FIFO assumes that the oldest items added to inventory are sold or issued first.

How It Works:

  • Inventory items are issued in the order they were received.
  • The cost of goods sold (COGS) is based on the earliest purchase prices.
  • Closing stock reflects the most recent (latest) costs.

Best For:

  • Businesses with perishable or time-sensitive items.
  • Industries like food, chemicals, pharmaceuticals, etc.

Advantages:

  • Reflects actual physical flow in many businesses.
  • Helps avoid obsolete inventory.
  • Results in higher profits during inflation (since older, cheaper costs are used).

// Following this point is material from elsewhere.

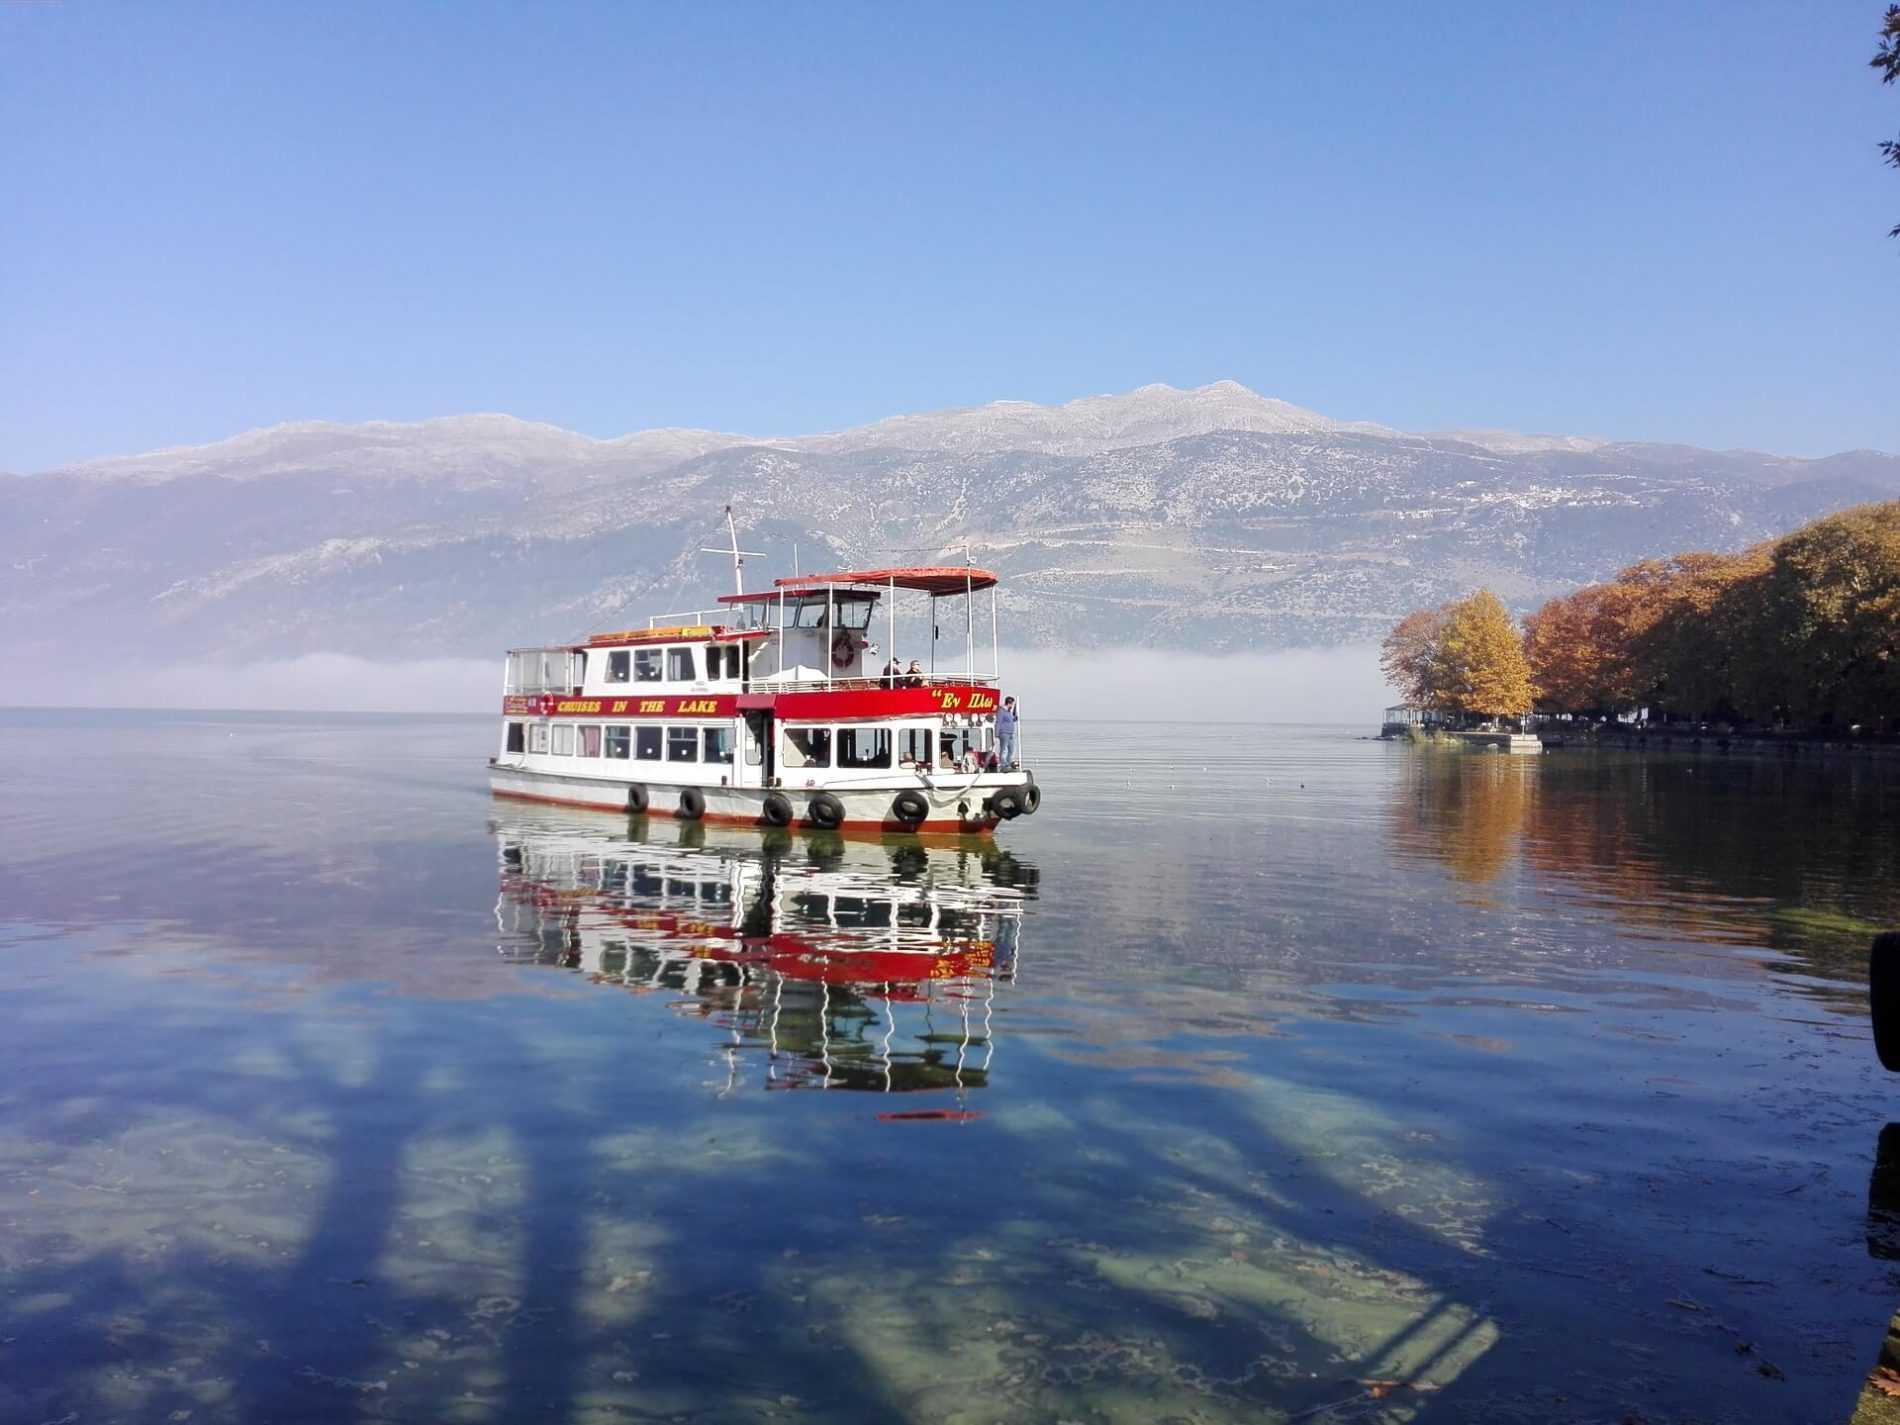 Griechenland Urlaub  Iioannina

Weighted Average Cost (WAC)

This method calculates an average cost per unit after every purchase.

How It Works:

  • Average cost is computed by dividing total cost of inventory by total quantity available.
  • Each issue or sale uses the same average cost, regardless of purchase date.

Best For:

  • Businesses with homogeneous or interchangeable products.
  • Retail, manufacturing, or wholesale industries.

Advantages:

  • Smooths out price fluctuations.
  • Easier to manage and understand.
  • Consistent cost application across sales and issues.

📌 Summary Comparison

FeatureFIFOWeighted Average
Cost Used for COGSOldest available costAverage of all costs
Closing Inventory ValueBased on latest purchasesBased on averaged cost
Best ForPerishable goodsStandardized, bulk products
ComplexityMediumSimple

In PrismERP, you can choose your preferred costing method during initial configuration or change it later (with admin permission). This flexibility ensures your inventory valuation aligns with your business and accounting needs.